_Material provided_:

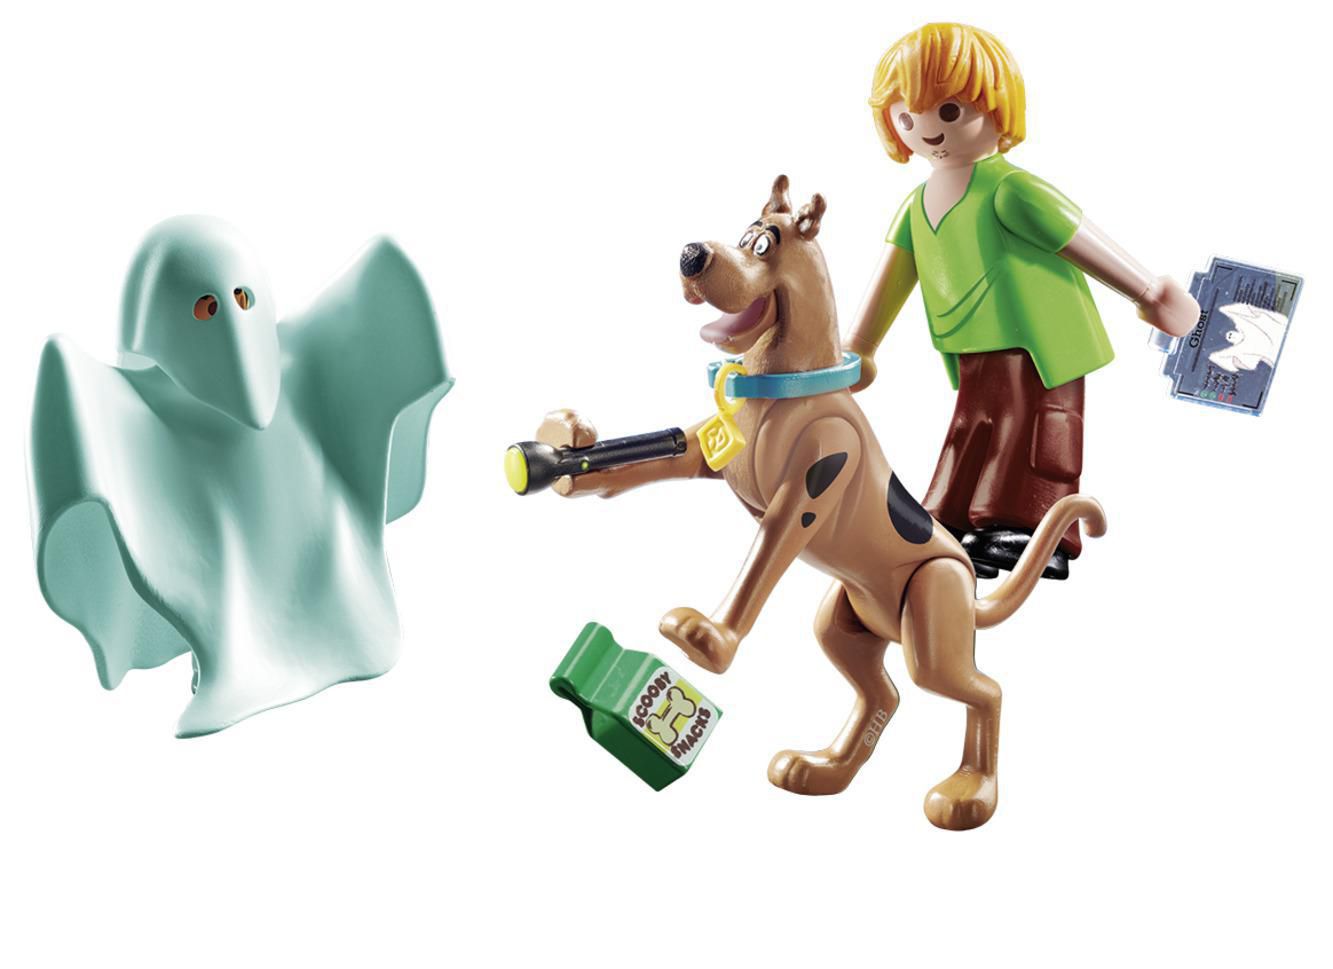 Playmobil SCOOBY-DOO! Scooby & Shaggy with Ghost 70287 Play Set, Age 4+, 19  pcs
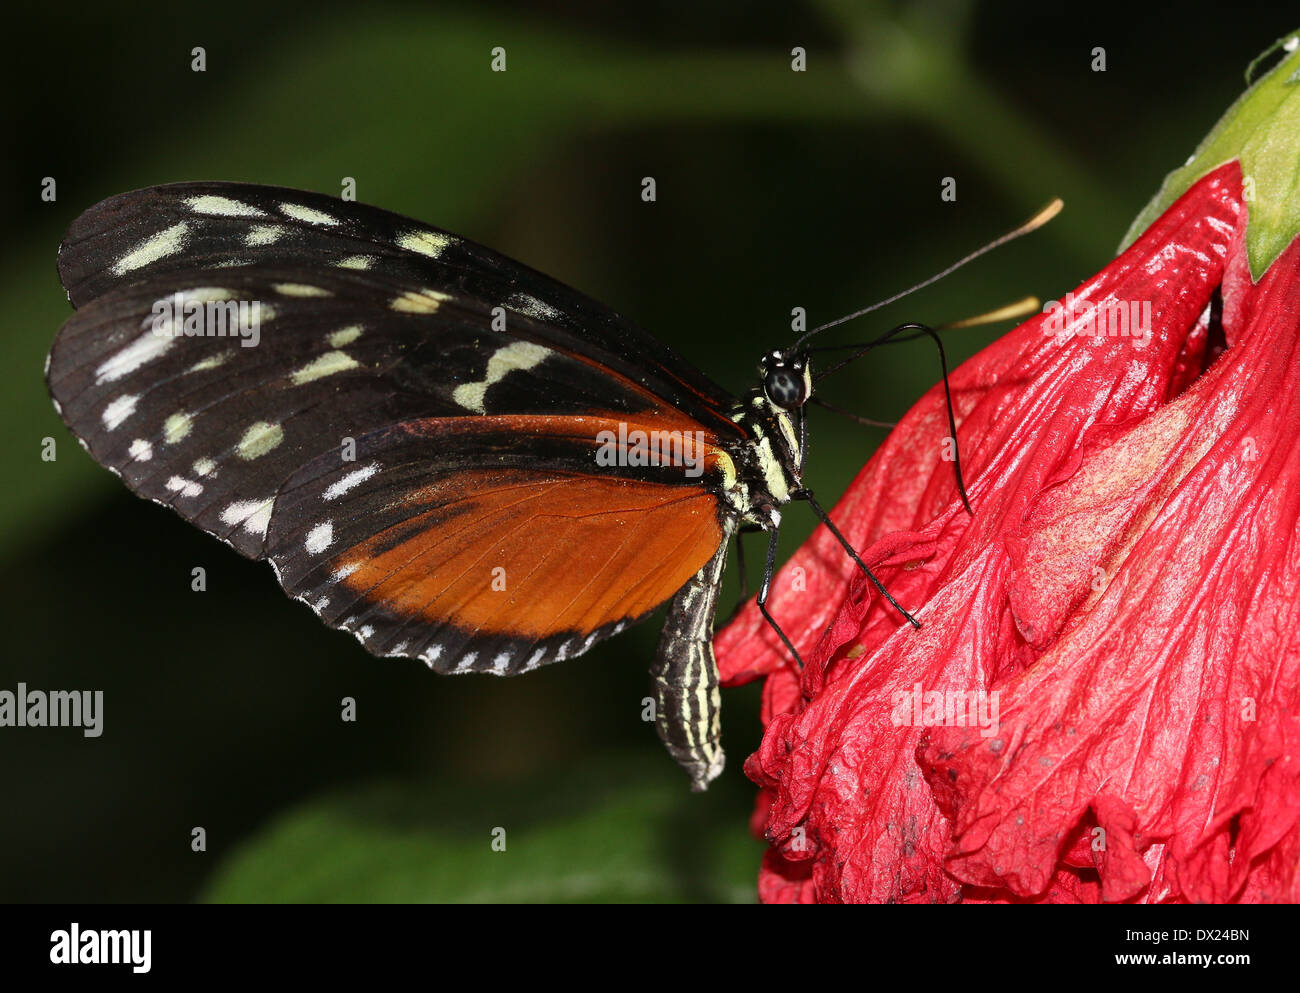 Tiger Longwing, Hecale Longwing or Golden Longwing butterfly (Heliconius hecale) foraging on a red tropical flower Stock Photo
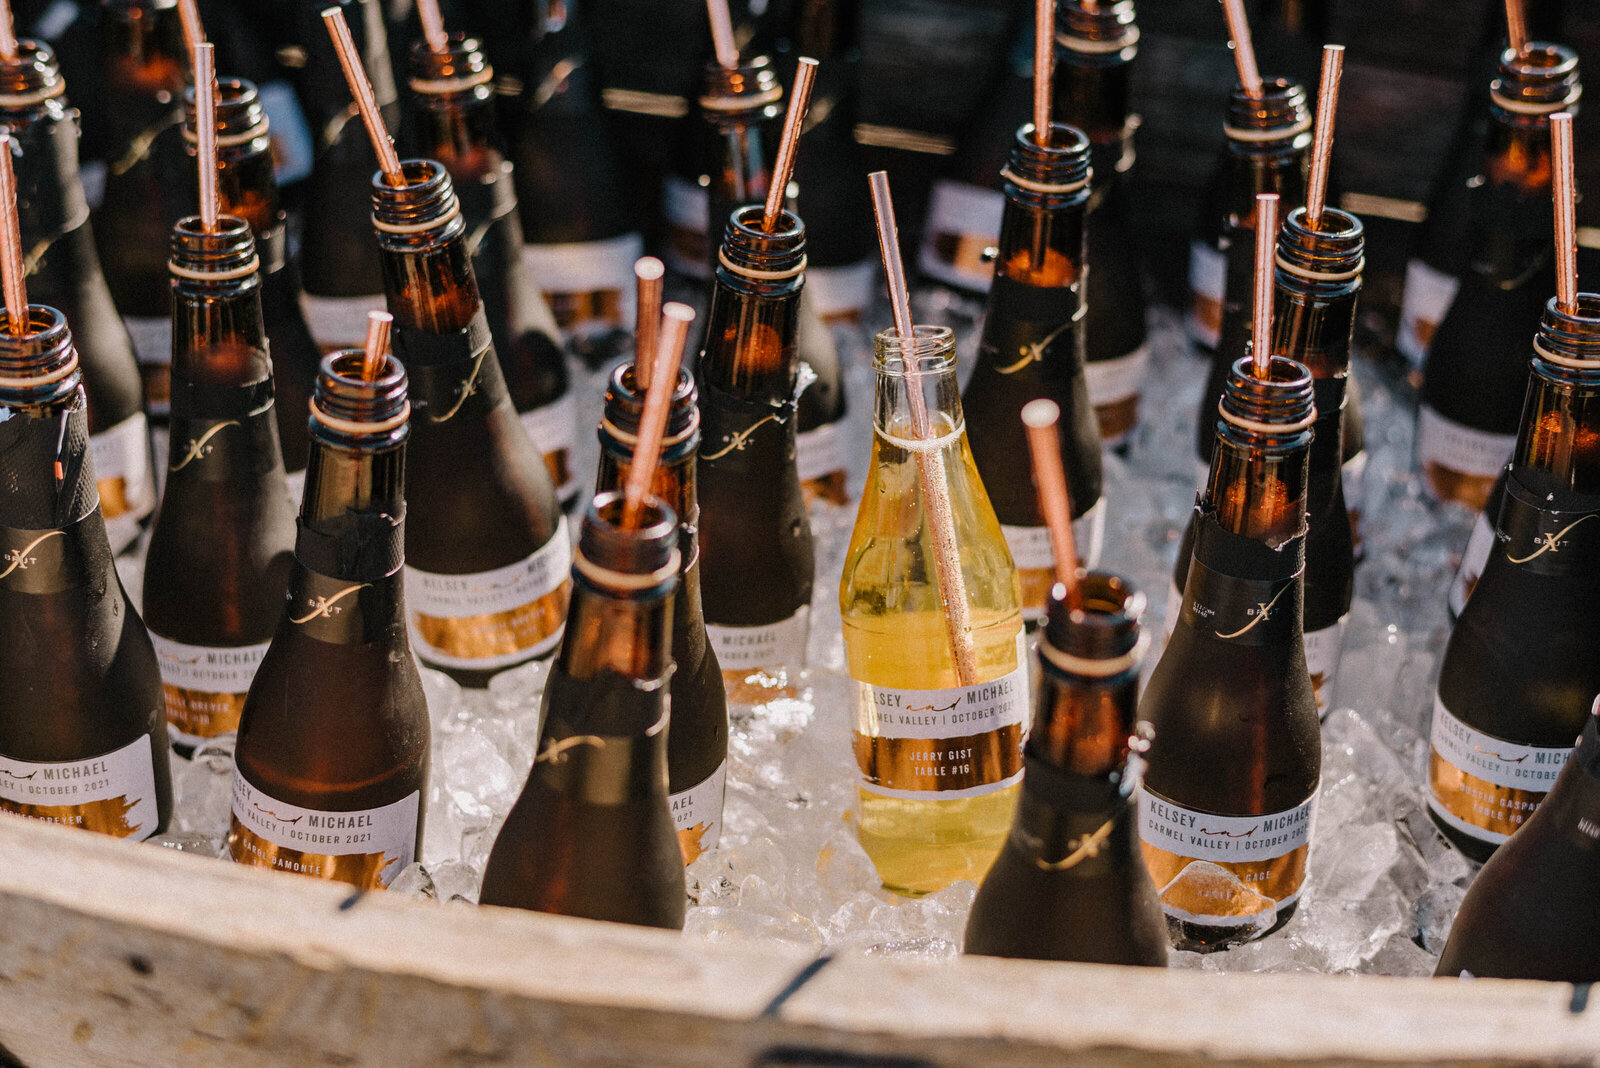 Mini bottles of champagne as escort cards at a wedding
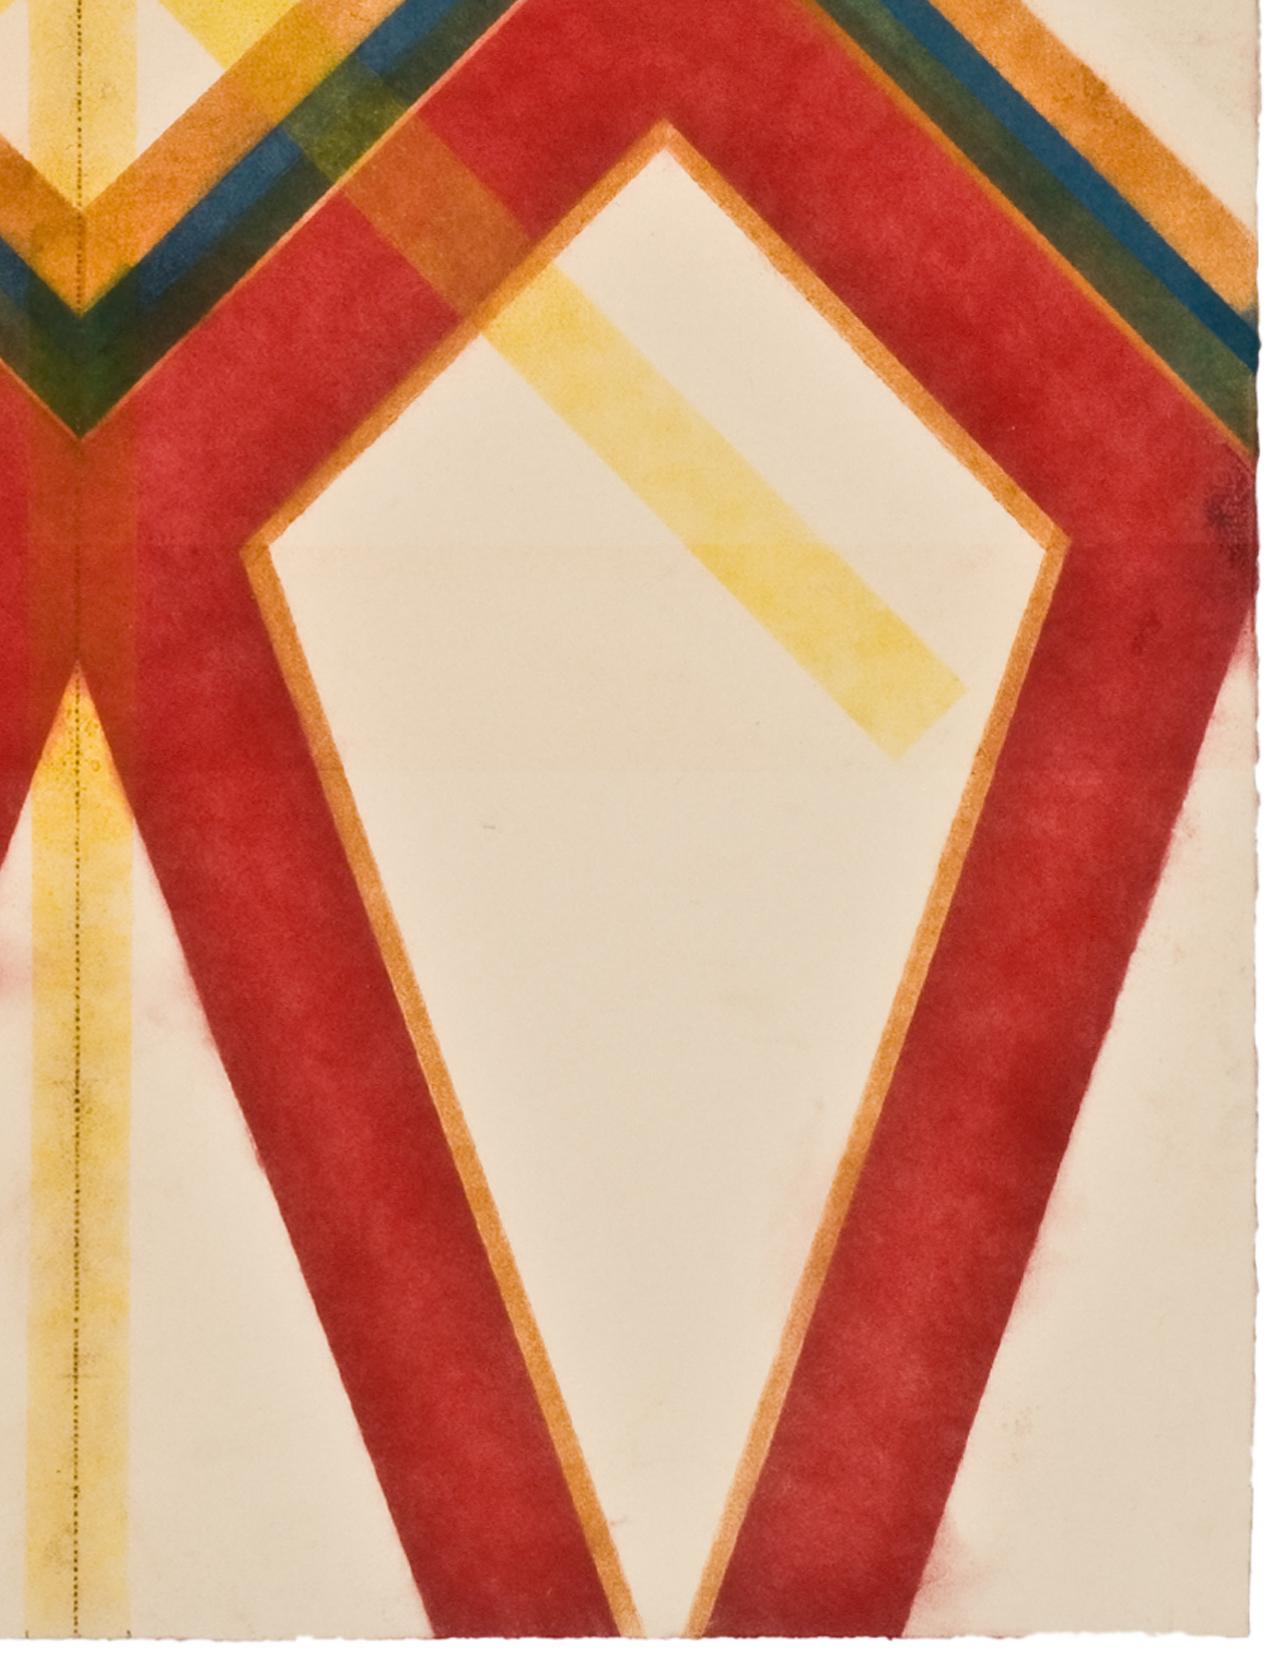 This geometric drawing has a beautiful, soft mottled texture created with Judge's unique powered pigment technique. The ordered symmetry of the layered diagonal lines in deeply pigmented bright red, light yellow, orange, dark blue and green is

_The task_:
All lines from the one containing "Tiger Longwing, Hecale" through the end of the data are to be restated exactly, with nothing else and without the pictures.

_Solution below_:
 Tiger Longwing, Hecale Longwing or Golden Longwing butterfly (Heliconius hecale) foraging on a red tropical flower Stock Photo
 Mini bottles of champagne as escort cards at a wedding
 This geometric drawing has a beautiful, soft mottled texture created with Judge's unique powered pigment technique. The ordered symmetry of the layered diagonal lines in deeply pigmented bright red, light yellow, orange, dark blue and green is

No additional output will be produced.